WORK ORDER
Repeat the data below exactly, dropping any pictures it holds.

++++ INPUT FOR THIS TASK

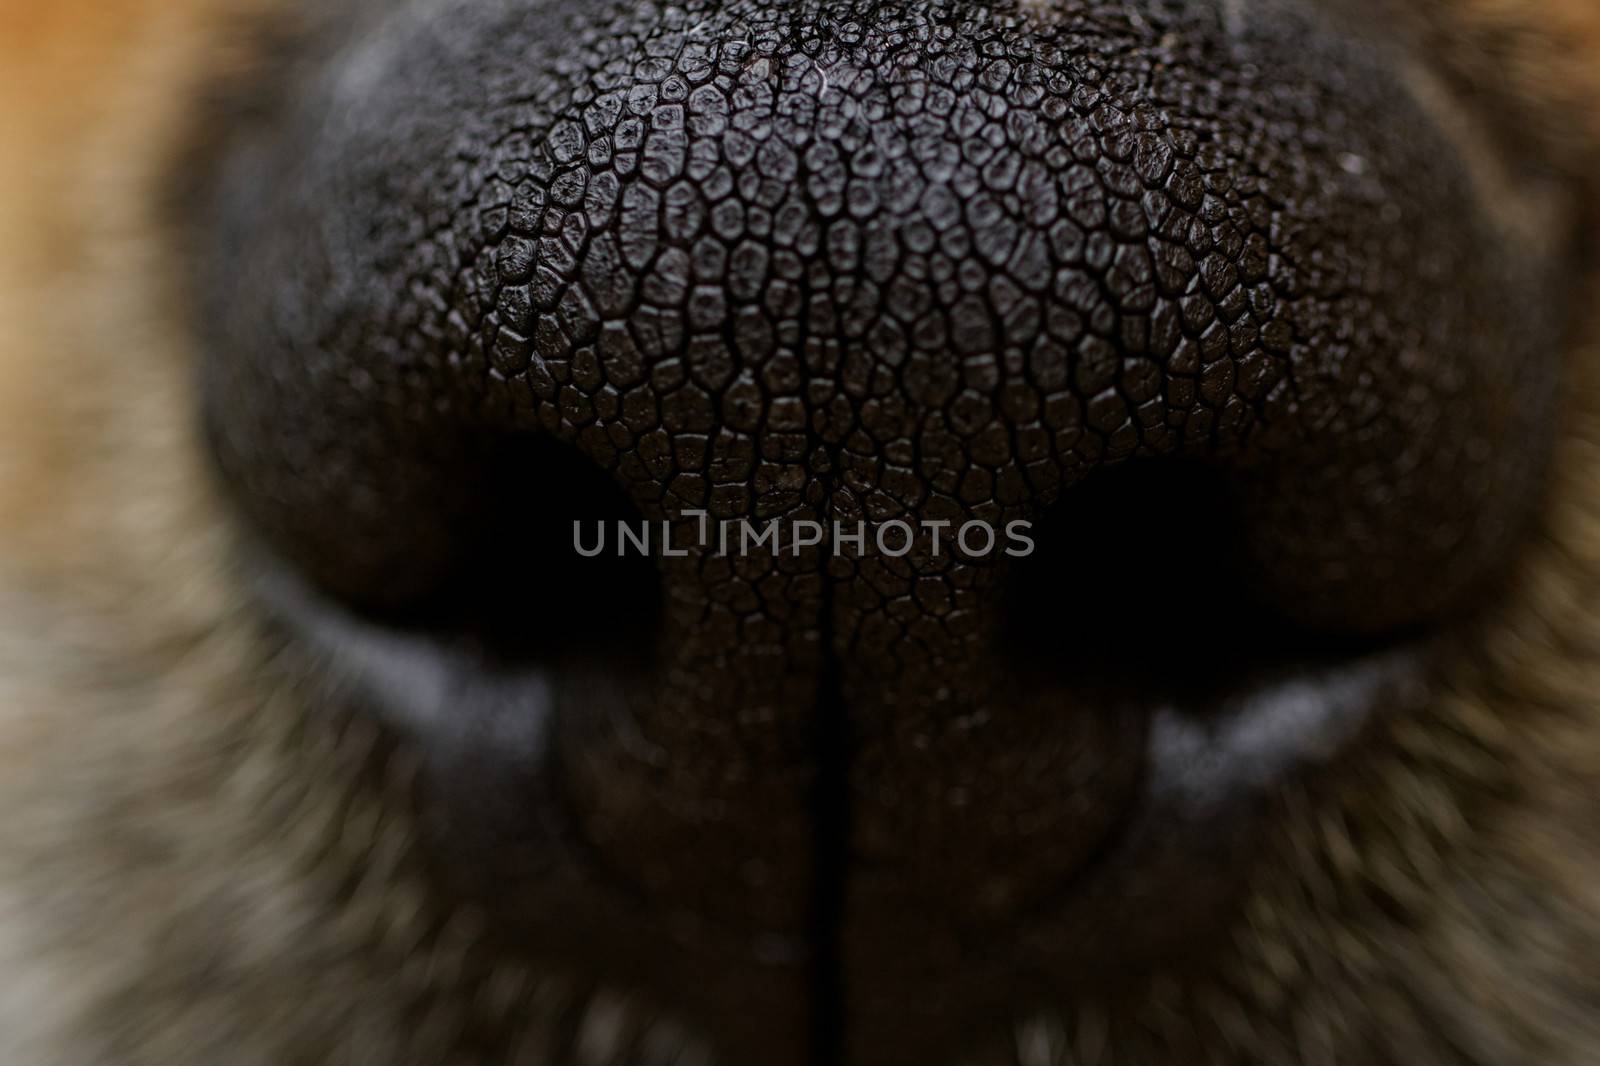 dog's nose by NagyDodo
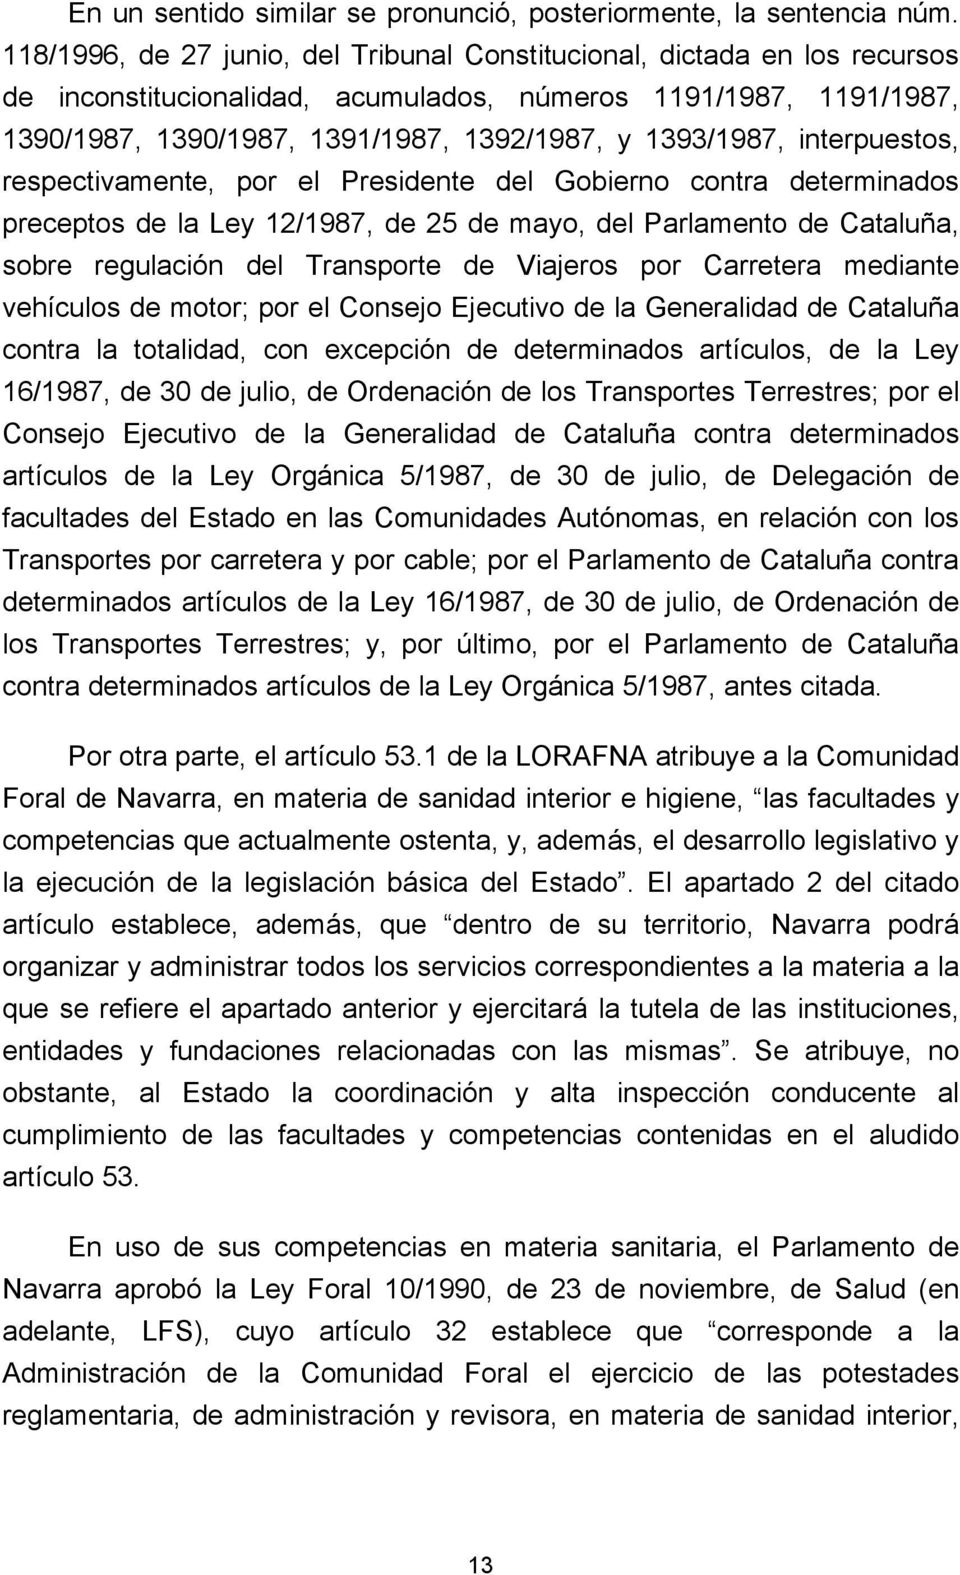 interpuestos, respectivamente, por el Presidente del Gobierno contra determinados preceptos de la Ley 12/1987, de 25 de mayo, del Parlamento de Cataluña, sobre regulación del Transporte de Viajeros
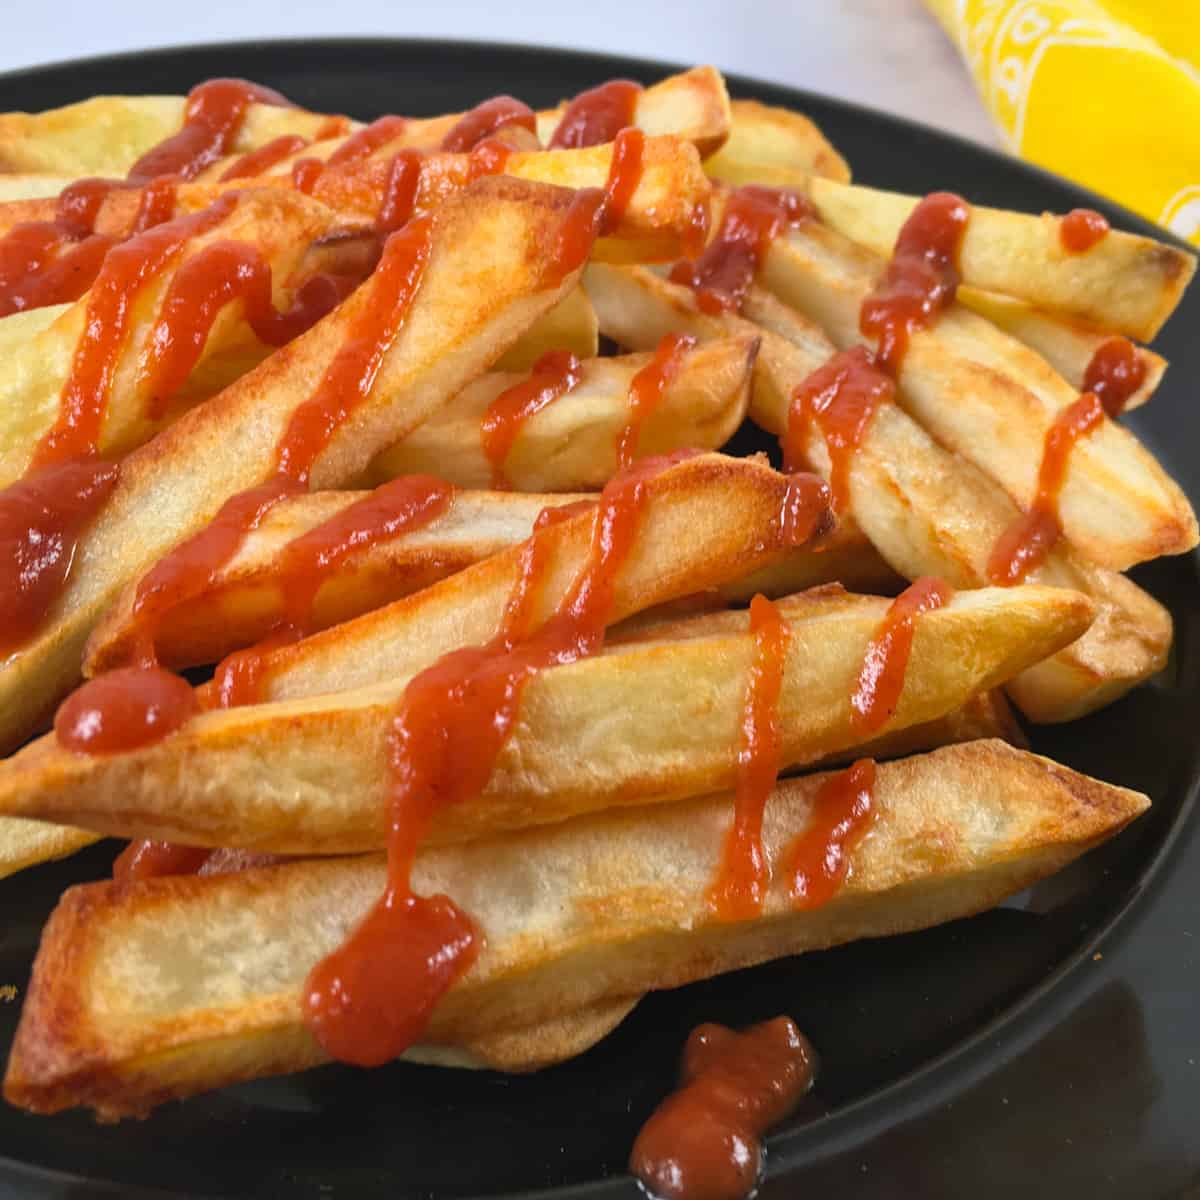 patatas fritas con ketchup
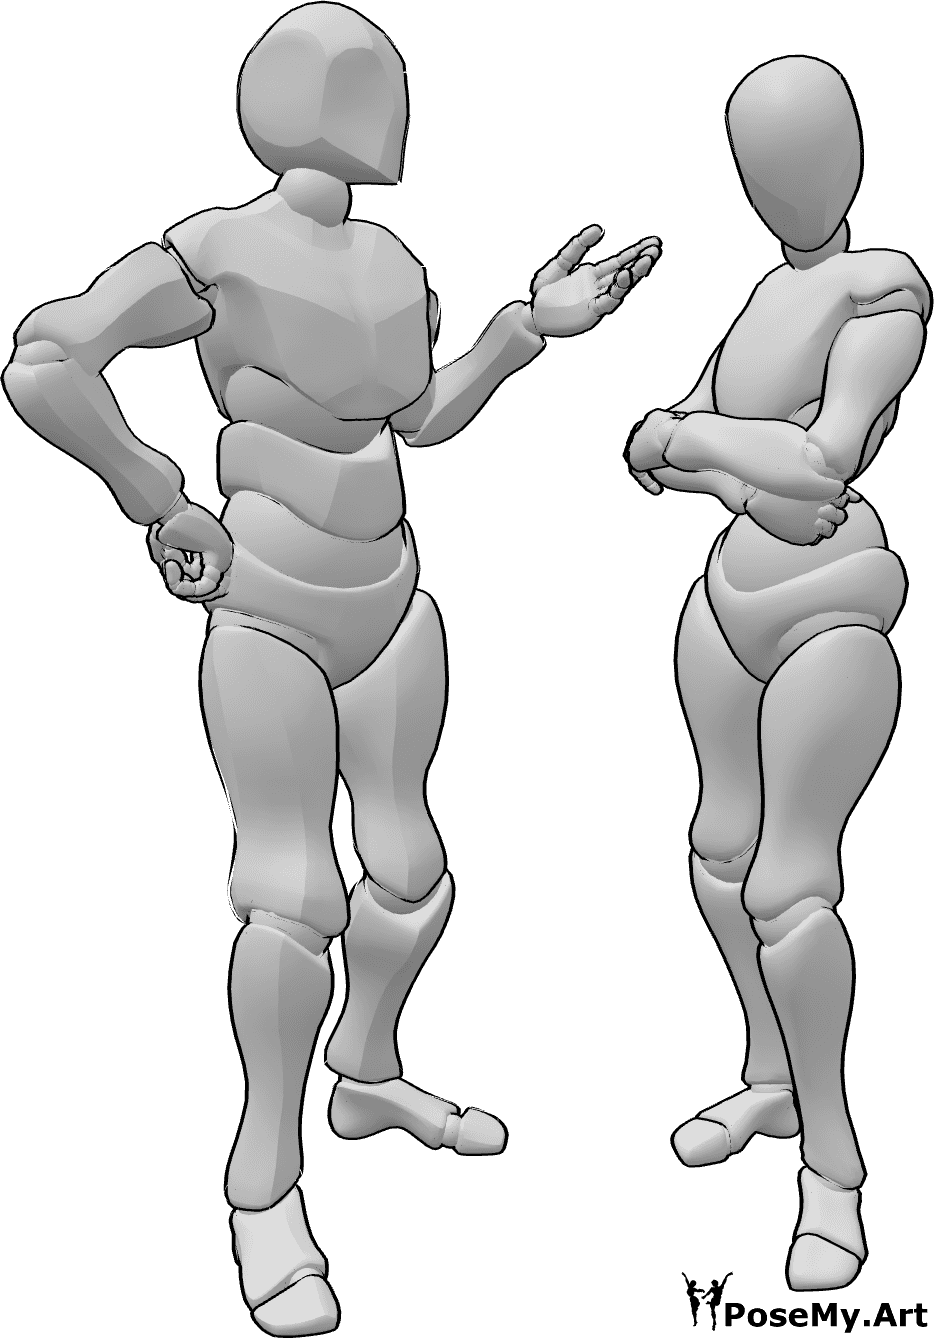 Référence des poses- Femme homme debout - Une femme et un homme se tiennent debout et prennent la pose pour se battre
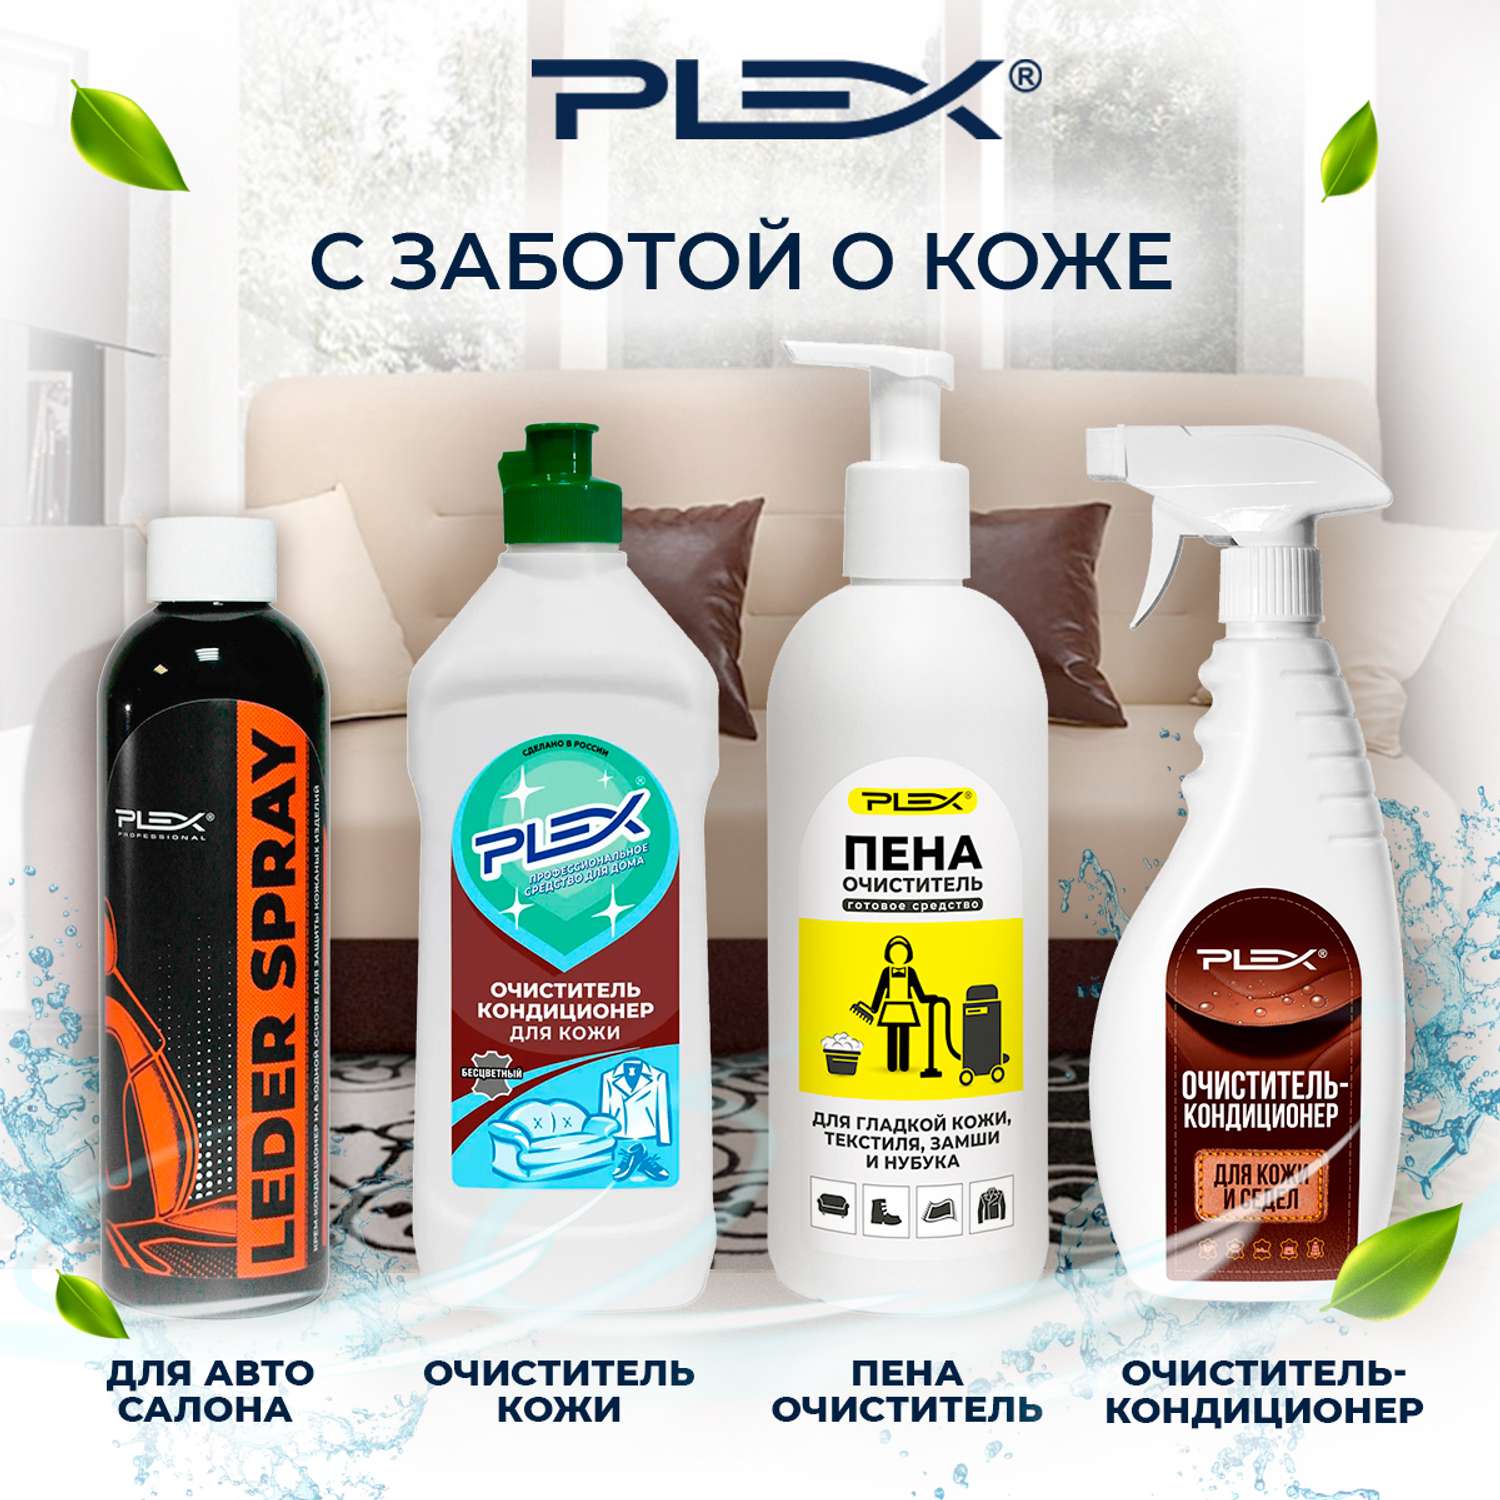 Очиститель-кондиционер Plex для кожи седел и амуниции 500 мл - фото 5

++++++++

ANSWER SPACE
 dog's nose by NagyDodo
 interpuestos, respectivamente, por el Presidente del Gobierno contra determinados preceptos de la Ley 12/1987, de 25 de mayo, del Parlamento de Cataluña, sobre regulación del Transporte de Viajeros
 patatas fritas con ketchup
 Référence des poses- Femme homme debout - Une femme et un homme se tiennent debout et prennent la pose pour se battre
 Очиститель-кондиционер Plex для кожи седел и амуниции 500 мл - фото 5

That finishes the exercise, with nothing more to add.